Par Marc Boutin
Il était paradoxal, samedi 11 avril, de voir la ville de Québec servir de terre d’accueil aux 25 000 personnes venues manifester pour des énergies vertes et renouvelables et contre les oléoducs. La capitale de la radiopoubelle et de la réaction politique a servi de décor au rassemblement le plus coloré et le plus avant-gardiste des dernières années au Québec. L’ambiance rappelait celle de Cacouna mais en plus grandiose.
Le paradoxe vient en partie du fait que la ville hôte de cette manifestation est la championne nationale de l’étalement urbain et du tout-à-l’automobile. Son maire, toujours à l’avant-dernière mode selon son habitude, n’en a que pour le type de transport le plus polluant et le plus propice à produire de la très onéreuse dispersion urbaine. Sa dernière trouvaille, un tour de 65 étages qui serait construite à 10 km du centre-ville. Le problème avec son Phare, c’est qu’à tout
gratte-ciel correspond une ou plusieurs banlieues-dortoirs et ce gratte-ciel va inévitablement intensifier l’étalement vers l’ouest. On peut s’attendre à voir un développement mangeur d’espace, de type auto-boulo-dodo, atteindre Saint-Antoine-de-Tilly, Neuville et Sainte-Catherine-de-la-Jacques-Cartier. Québec, avec sa maigre population de 750 000 habitants, deviendrait une espèce de mégapole allongée à basse densité de plus de 100 km. Un territoire de prédilection
pour la pollution spatiale et atmosphérique.
Autre trouvaille récente («avec pas de» consultation préalable) de notre bon maire: un service d’autobus rapide qui emprunte les boulevards et les autoroutes sur une longueur de plus de trente-cinq kilomètres, de Beauport à Lévis, en passant par le «Phare de l’étalement» et les ponts. C’est pas avec un transport en commun aussi élastique (et non-électrique) qu’on va pouvoir resserrer le développement de l’agglomération.

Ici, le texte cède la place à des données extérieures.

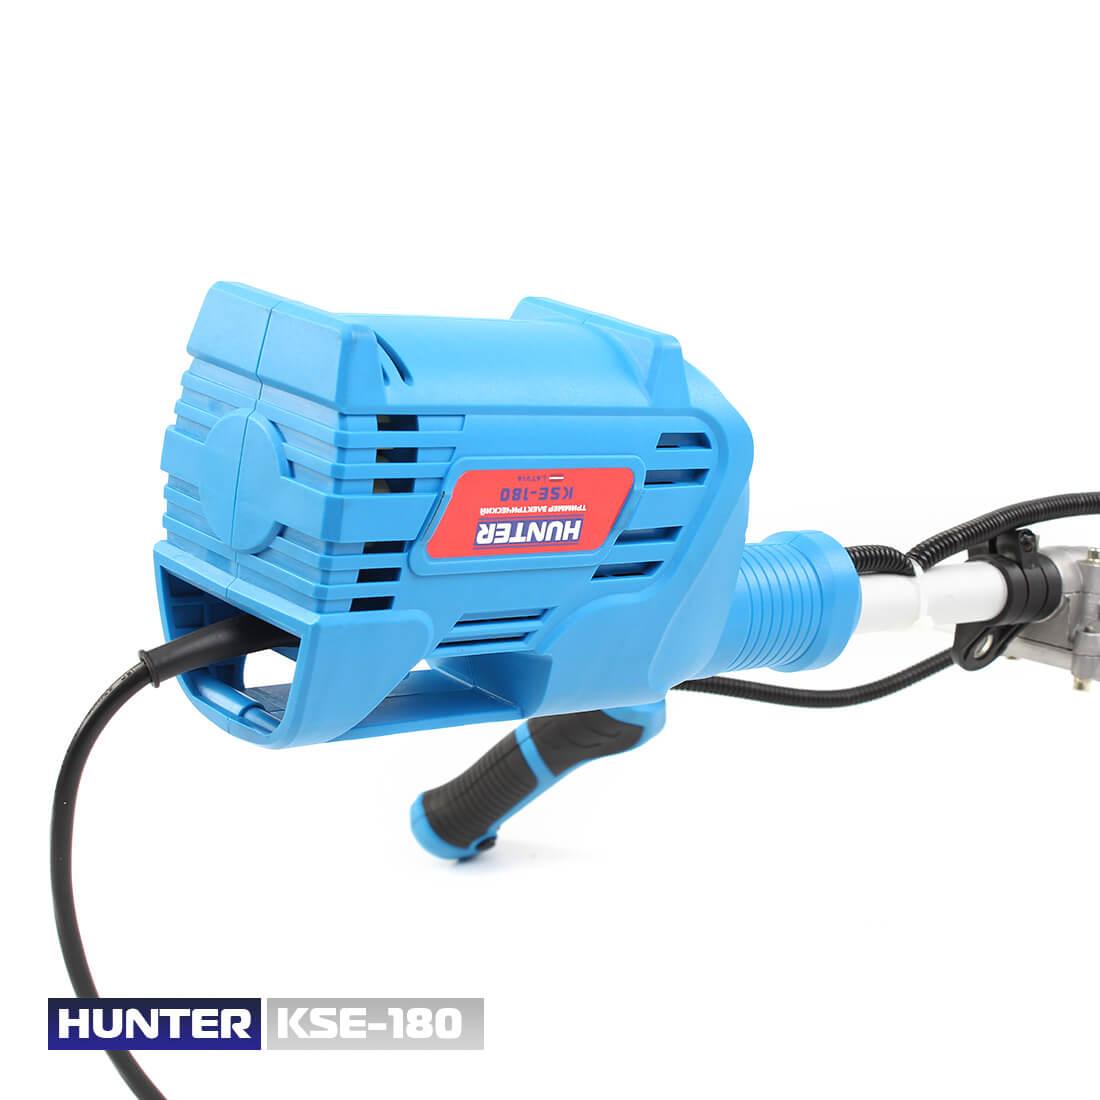 Фото Электрический триммер KSE-180 цена 2300грн №3 — Hunter
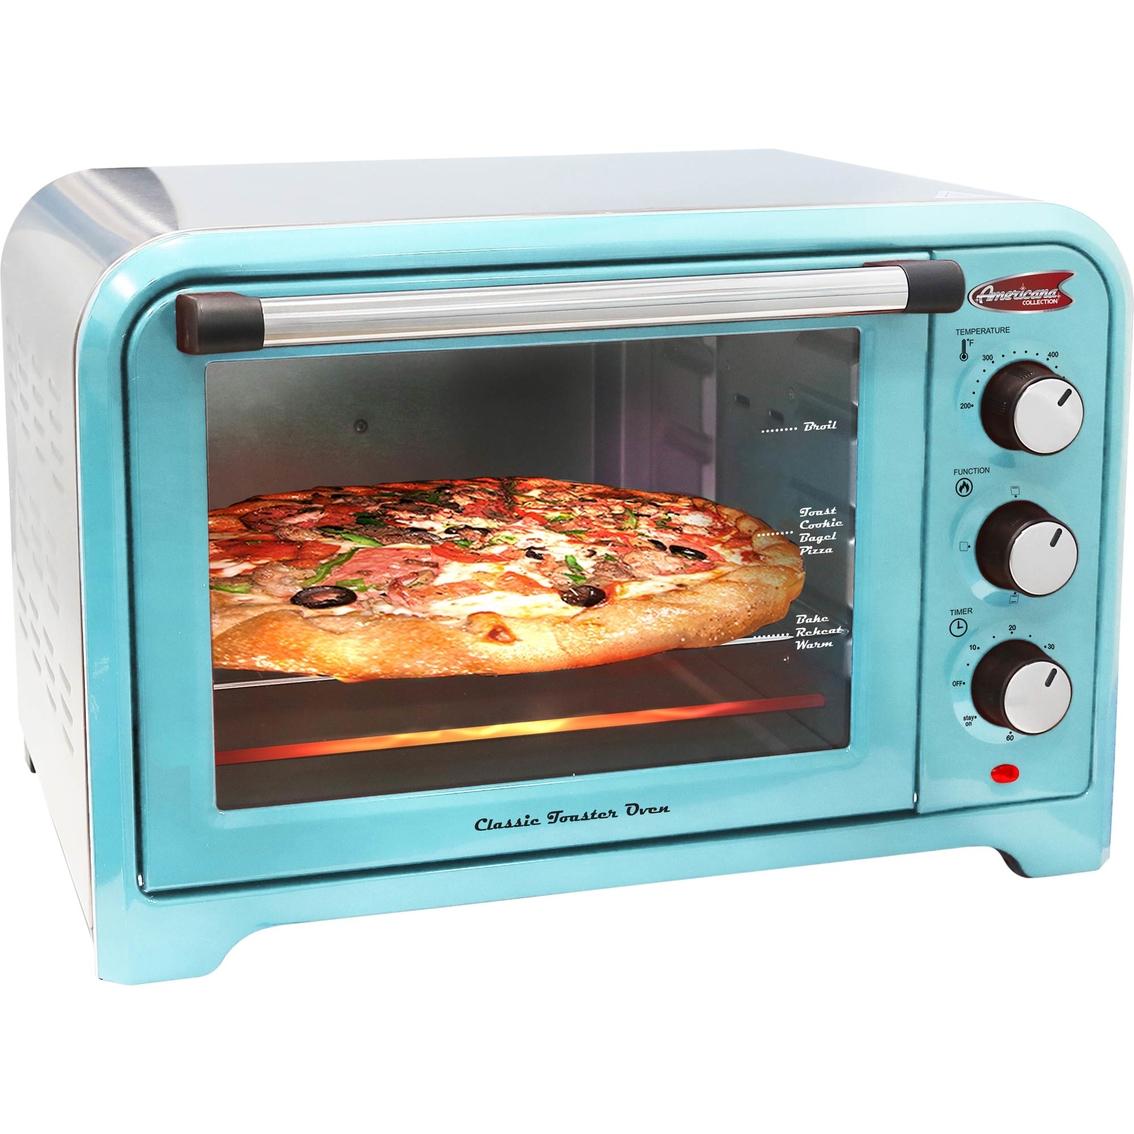 Elite Americana Ero-2600 6 Slice Retro Toaster Oven

La contrepartie de ces extravagances «pétrolifèrantes» de l’équipe Labeaume se vit au centre-ville. Nos rues commerciales et plusieurs de nos rues résidentielles sont des pistes de courses pour chauffards et banlieusards en mal de retourner au plus vite à l’étable. Les piétons deviennent aux yeux des automobilistes toujours pressés des quantités négligeables, des espèces d’insectes nuisibles qui osent traverser les rues.
Dans une ville civilisée, proprement urbaine, les rues commerciales de quartier comme les rues Saint-Jean dans le Faubourg du même nom, Saint-Vallier dans Saint-Sauveur et Saint-Joseph dans Saint-Roch auraient une limite de vitesse de 30 km/h, des dos d’âne comme on en trouve en banlieue, des trottoirs élargis et protégés de la rue par du mobilier urbain (lampadaires, arbres, bancs, etc), des vidéos caméras pour calmer les chauffards. La ville centrale, et par osmose
toute la ville, pourrait redevenir un lieu prospère, viable, agréable, moins pollué, moins bruyant et, pourquoi pas, politiquement un peu moins réactionnaire.
C’est la grâce que nous ont souhaitée les 25 000 participants, la plupart venus de l’extérieur, lors de ce beau samedi festif du 11 avril dans les rues du Vieux Québec.